Sunday, January 16, 2011

Reflecting on Evidence-based Management

This is an initial reflection upon an assigned reading by Kovner and Rundall in our textbook Health Services Management, Cases, Readings and Commentary (9th) by Kovner, McAlearney and Neuhauser. The essence of the reading is that healthcare managers should make decisions based upon evidence just as physicians should practice evidence-based medicine. Basically this means there should be close ties between scholarly research and managerial practices. My approach to this is shaped by my experiences as a academic person who teaches public administration.

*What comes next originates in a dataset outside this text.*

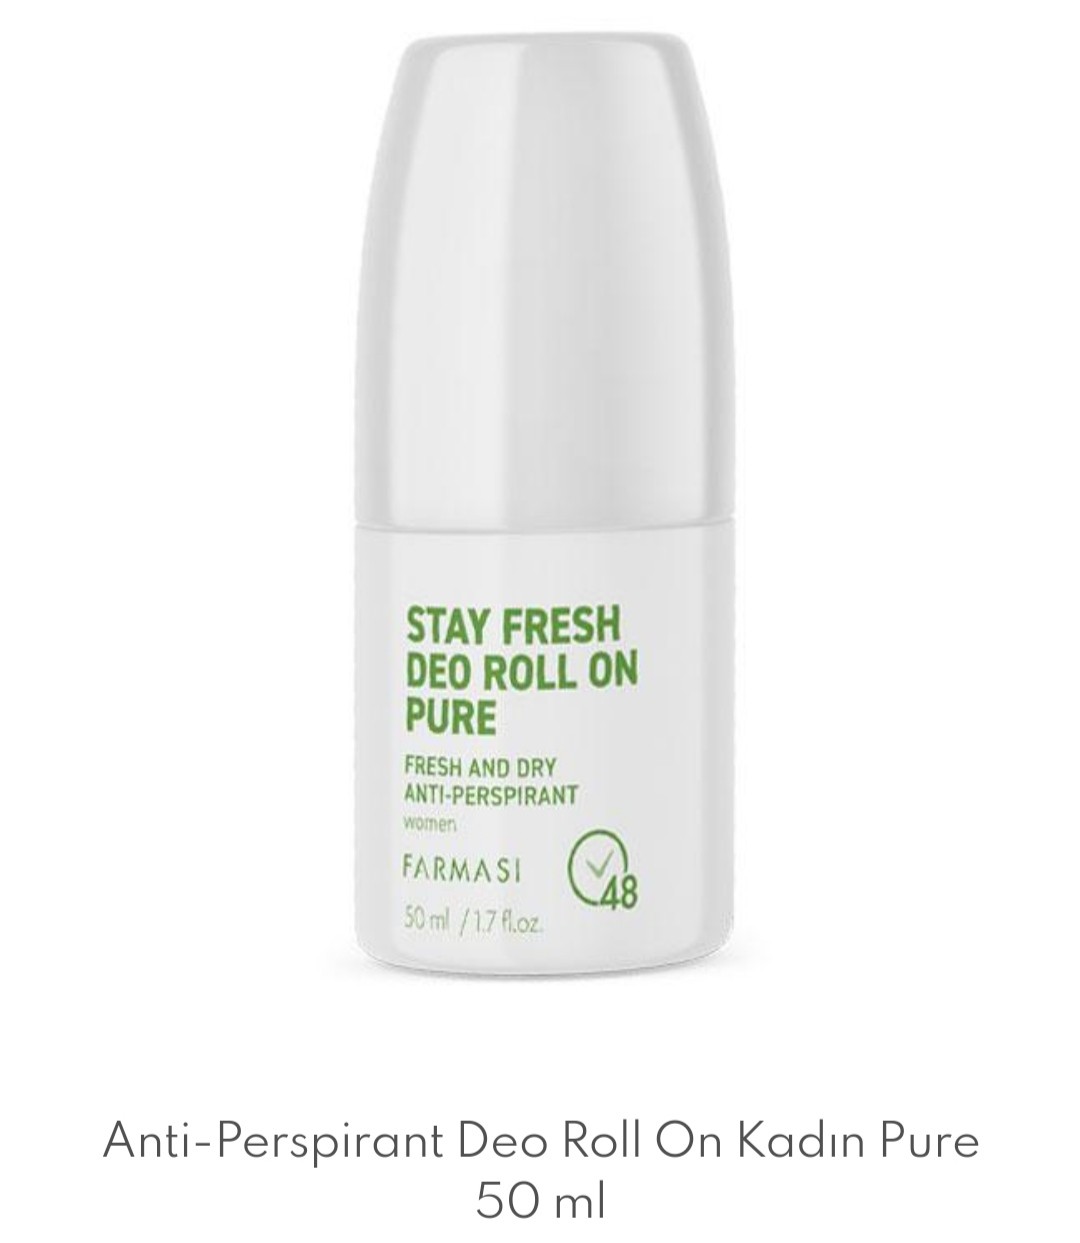 Anti-Perspirant Deo Roll On Kadın Pure 50 ml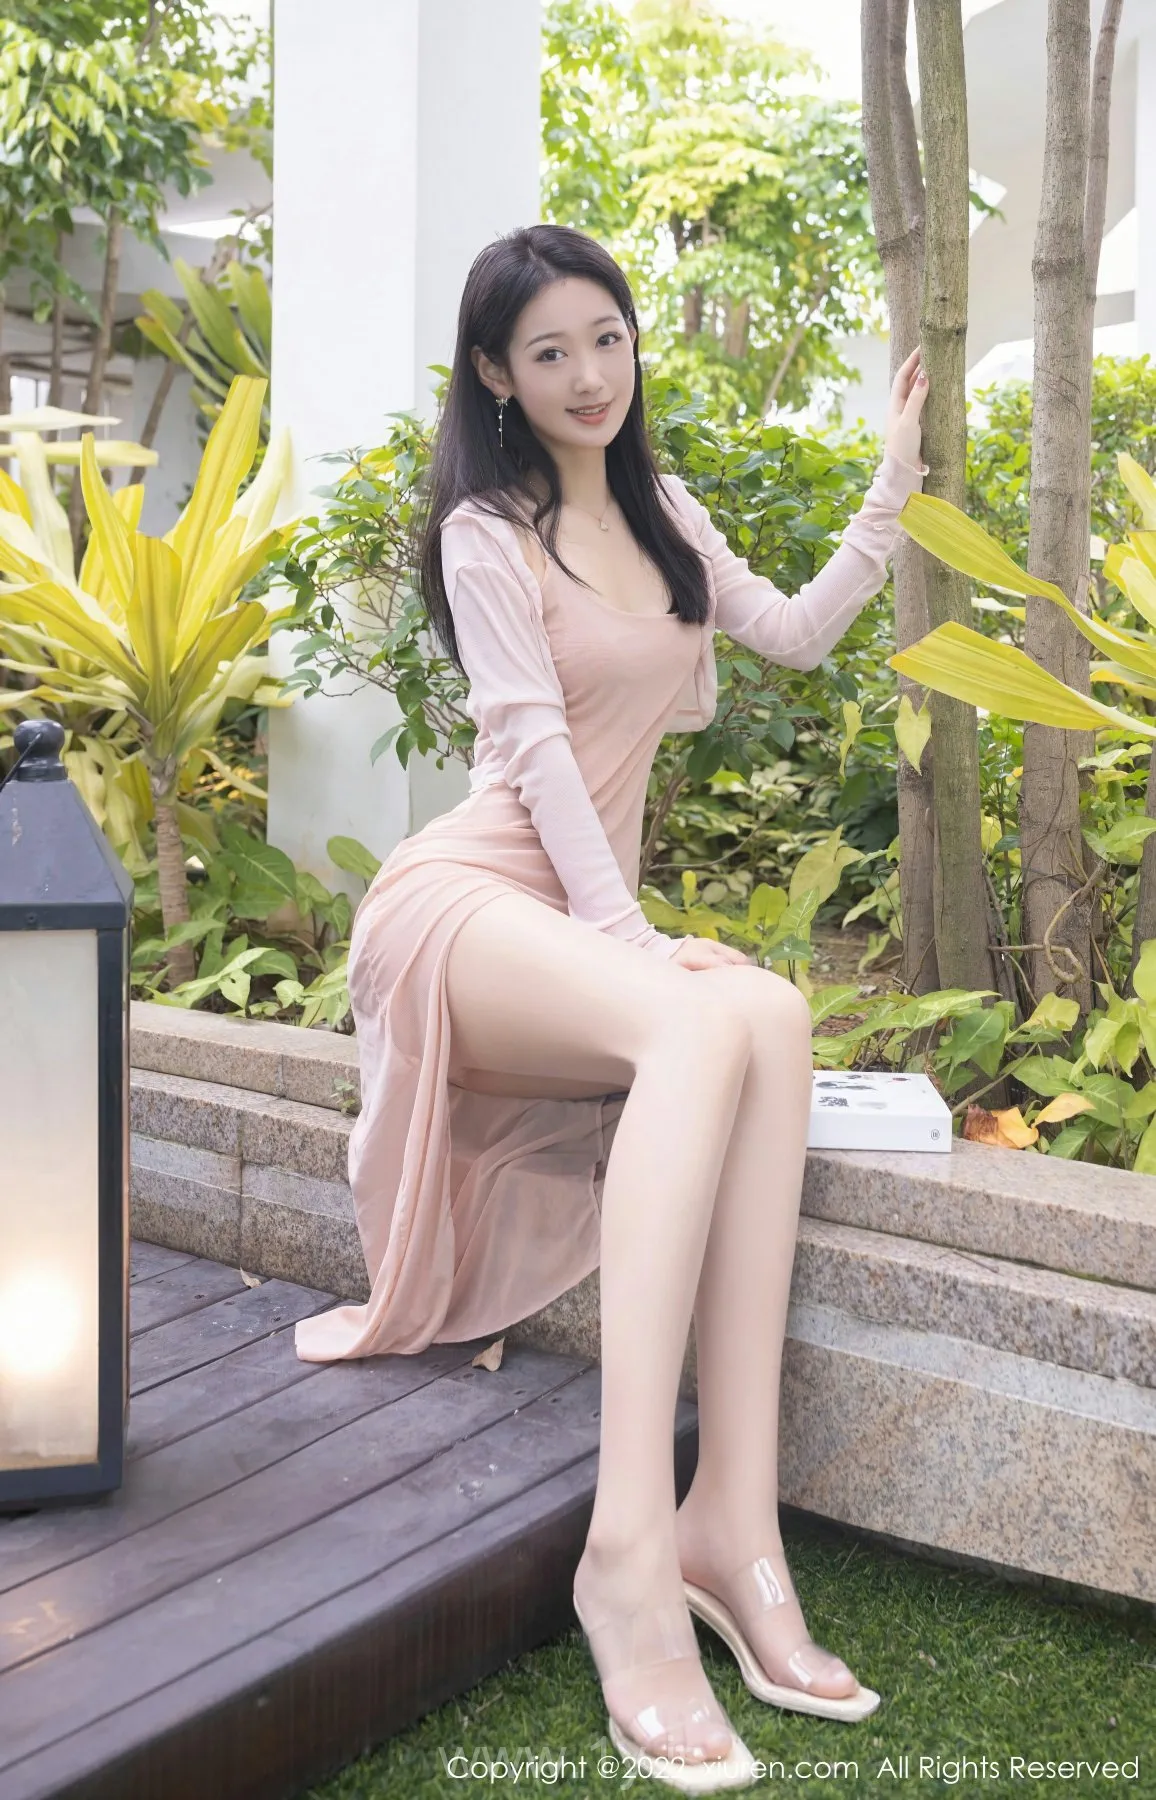 XIUREN(秀人网) NO.5293 Lively & Attractive Asian Girl 唐安琪

If there is a disjoin between scholarly research and managerial practice the easy explanation is to fault practitioners for not reading academic journals. It is not that simple. Even in public administration (PA), which is an applied field of study and practice, there is a substantial divide between scholarship and practice. The best practitioners were often not outstanding students. Successful PA scholars are not necessarily able to make a transition to successful practice. Success in scholarship requires a deep, narrow focus. Success as a practitioner requires a wide variety of interests and abilities. Scholarly journals are much more geared toward the needs of academic persons than practitioners. Even in PA, an article seldom includes an "executive summary," to clearly identify the relevance of findings to practice. Getting a paper published in a scholarly journal often requires the use of advance mathematics in the data analysis. Few practitioners have either the need or the interest to work through the mathematics. The bottom line is that practitioners are more likely to learn through informal communities of practice than by reading articles written by academics as required to advance their academic careers. Peer-review does not usually include practitioners as reviewers and what is required by peer-review to get work accepted for publication is sometimes not as rational and scientific as the public may assume. Assuming that what I have observed in PA applies to healthcare management the status quo does not favor greater use of evidence based management practices. As indicated by Kovner and Rundall, healthcare managers claim to practice evidenced-based decision making but do not cite scholarly research as the evidence they draw upon.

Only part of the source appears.